Optimising NHS Print and Document Workflow Procurement in 2026

Insights to support NHS buyers in navigating office print, document procurement and driving greater efficiency in 2026.

Today, strategies for procuring managed print, document software and information solutions are evolving to meet critical healthcare priorities. We’ve seen those aims reflected in initiatives like the NHS 10 year plan, where every part of the healthcare service is guided to uncover greater efficiencies as part of an ambition for a fully digital NHS, whilst also delivering cost savings.

In this blog, we cover:

  • Procurement act 2023: balancing cost-effectiveness with strategic value
  • The need for operational efficiency
  • Thoughts from our UK and Ireland Bid Centre Manager
  • The Cyber Security and Resilience Bill
  • Choosing the right route to market

Procurement Act 2023: balancing cost-effectiveness with strategic value

The Procurement Act 2023 positions value for money as a core objective of public procurement. We notice a change in terminology from ‘most economically advantageous tender’ (MEAT) to ‘most advantageous tender’ (MAT) and whilst this adjustment does not alter policy; rather, it clarifies that contracting authorities are not required to award contracts based on lowest price or cost, nor must price always take precedence over non-price factors.1

In practice, this encourages a more balanced approach to managed print procurement enabling the NHS to take steps toward long-term strategic aims related to:

  • The need for operational efficiency
  • Security posture
  • Digital integration through automation of workflows.

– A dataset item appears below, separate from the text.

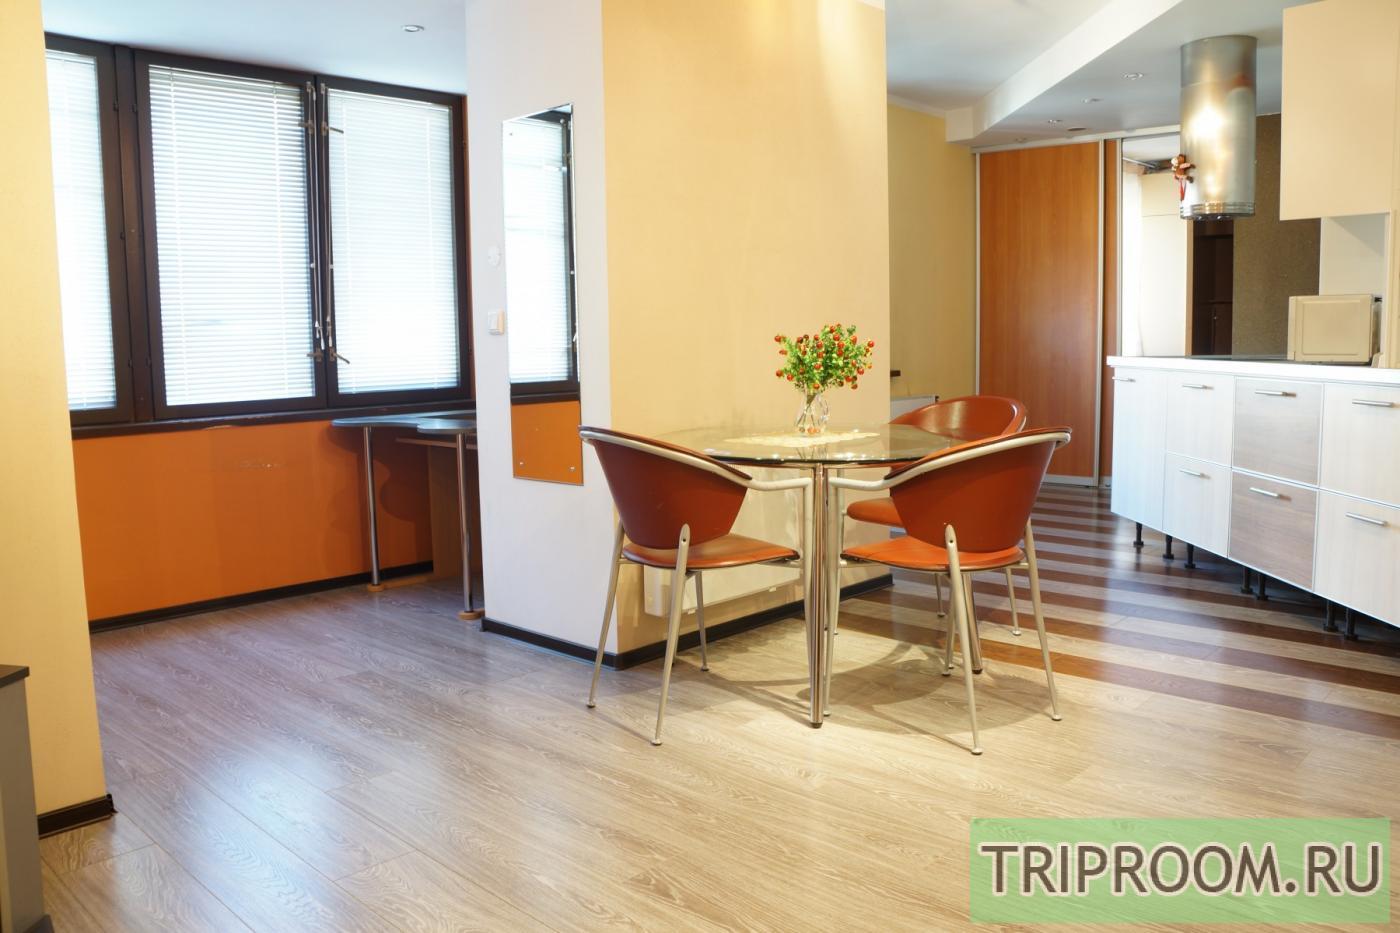 2-комнатная квартира посуточно (вариант № 28673), ул. Варшавская улица, фото № 6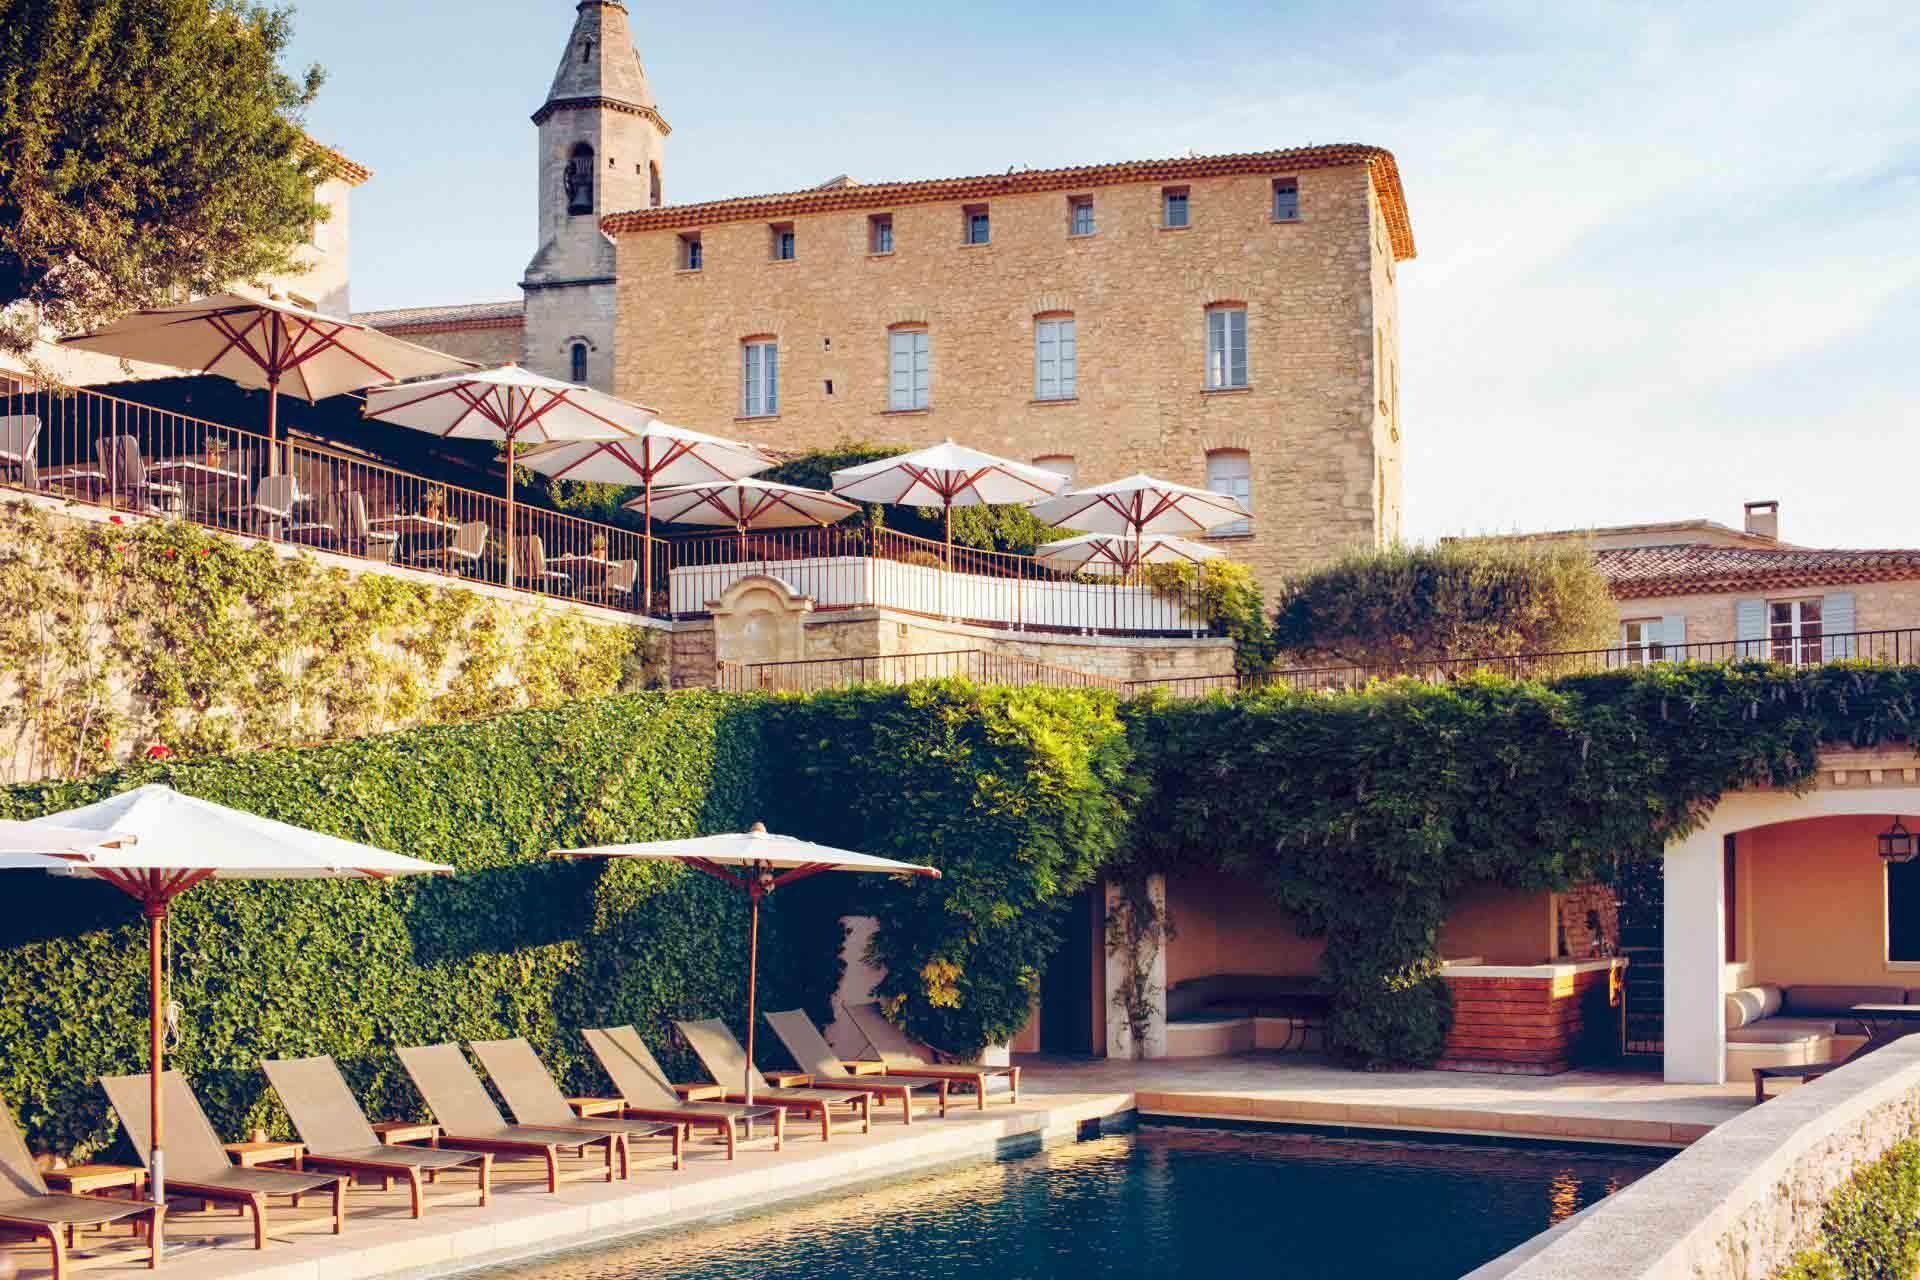 La piscine de l'hôtel Crillon Le Brave © Matthieu Salvaing

The need for operational efficiency

Every day, around 1.7 million patient interactions2 generate documents like records, discharge summaries and referrals. Despite ambitions for a paperlite NHS, print, scan, and copy remain essential. Forecasts predicted a 7.58% rise in scan volumes by 20253; driven by digitisation of documents, sustainability and efforts to minimise physical filing.

This increase highlights why procuring solutions that streamline the post-scan journey such as classification, metadata tagging, and secure routing into EPR systems are becoming critical for efficiency as NHS leaders work towards a 2% year-on-year productivity gain for the next three years4. Ultimately, strategic procurement of these technologies is key to building a truly patient-centric, productive NHS back office.

Hear from our Bid Centre Manager

As the NHS continues to work on an integrated care future, we asked our, Bid Centre Manager Nicola Bartlett two questions:

1) What’s the foremost aspect of security within NHS tenders you’d like to engage with?

Nicola: “I’d like to see more emphasis on how security requirements link to interoperability - because when systems connect, the risk surface changes. Procurement needs to consider security and integration together, not in isolation.”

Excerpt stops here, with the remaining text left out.